Community Research and Development Information Service - CORDIS

Traditional water conservation comeback

An in-depth look at water conservation around the Mediterranean basin in recent times and throughout history could inspire more modern water conservation methods today.
Traditional water conservation comeback
There are many modern advances that have helped us save precious water in previous decades, but sometimes the answer lies in the wisdom of traditional practices and time-tested philosophies. The EU-funded project 'Traditional water techniques: Cultural heritage for a sustainable future' (Shaduf) looked at classical Mediterranean practices for saving water. Through archaeological and historical records, as well as through current practices, the project documented different techniques and indigenous methods for saving water, reusing wastewater and irrigating land more effectively.

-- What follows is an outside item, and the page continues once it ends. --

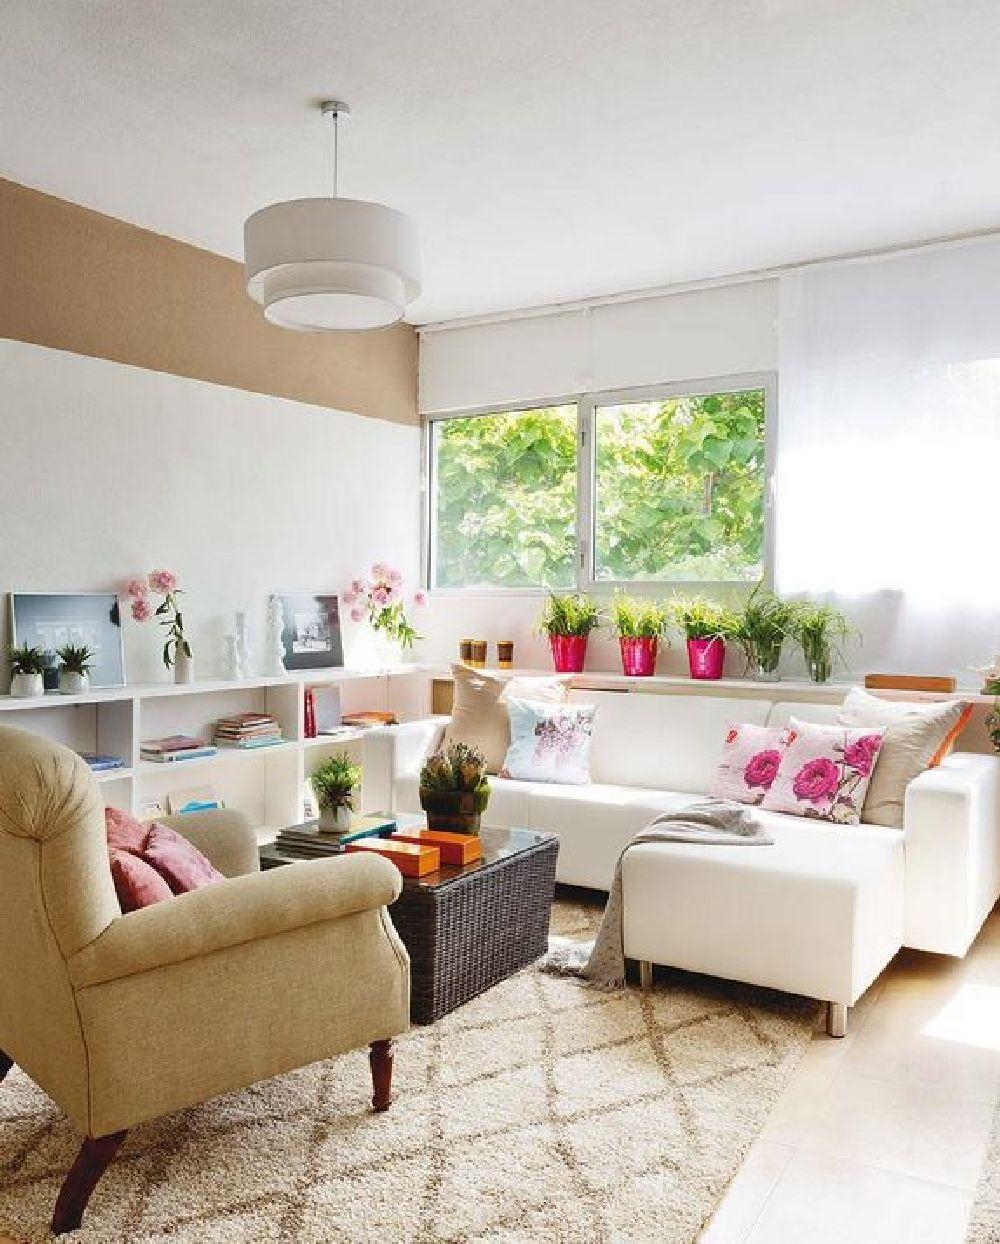 adelaparvu.com despre locuinta de 80 mp decorata cu bani putini, decoratoare Vanessa Guisasola si Sara Yubero, Foto MiCasa (16)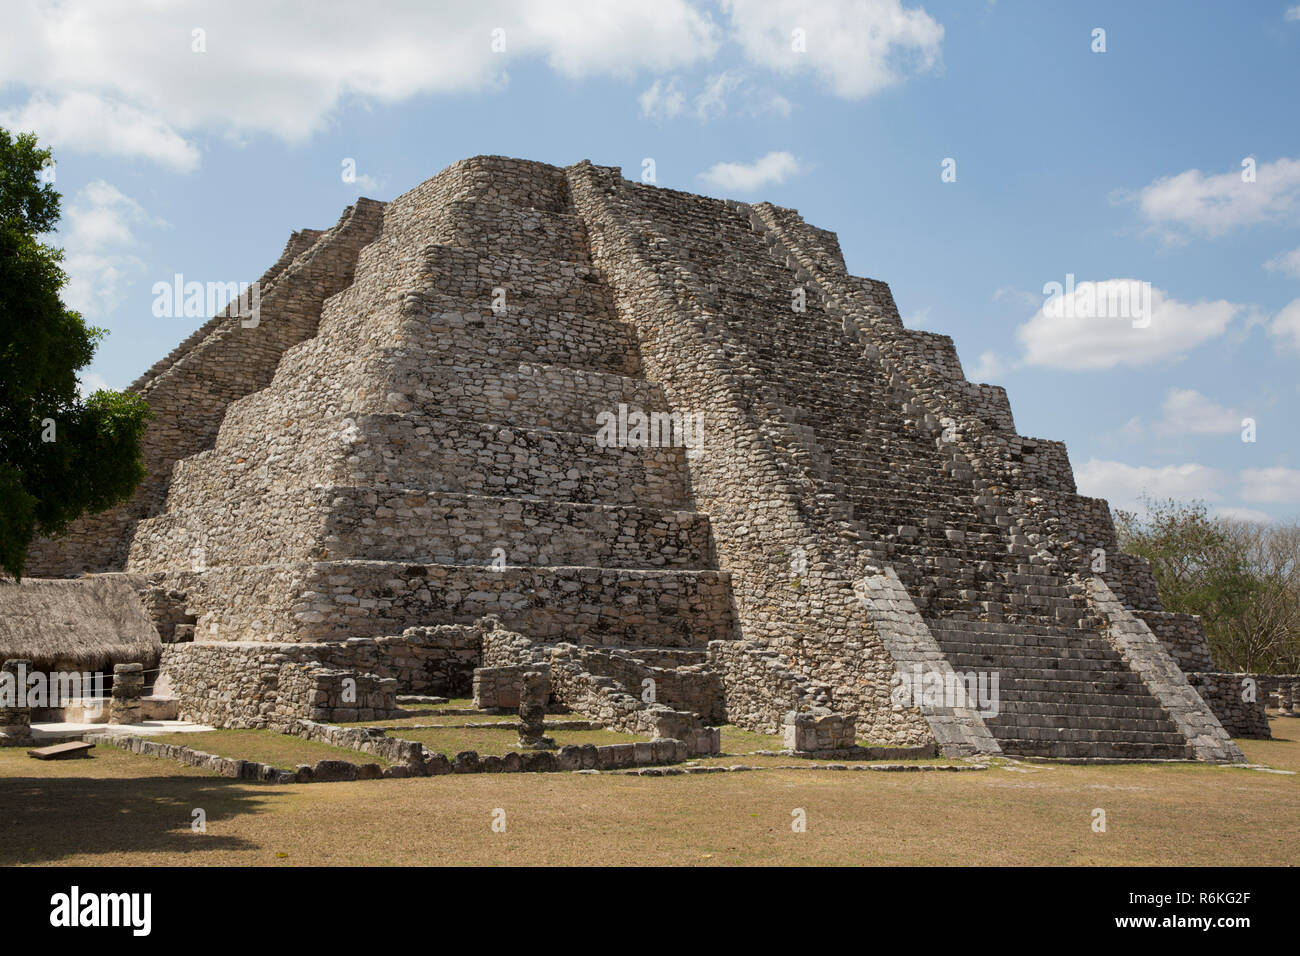 Castle of Kukulcan, Mayan Ruins, Mayapan Archaeological Site, Yucatan, Mexico - Stock Image

Shaduf's ultimate goal was to improve water management and develop sustainable practices in the sector, in addition to raising awareness on water and wastewater issues in society through traditional knowledge. To achieve its objectives the project built a database on all concerned practices and outlined water catchment techniques in the region. Most importantly, it developed conservation and restoration strategies to revive these techniques and sustain or reintroduce their benefits.

This effort and other long-term actions that were proposed during the project have brought the Mediterranean region and its water-scarce areas one step closer to more available water. The techniques, databases and future initiatives may improve the livelihoods of numerous communities.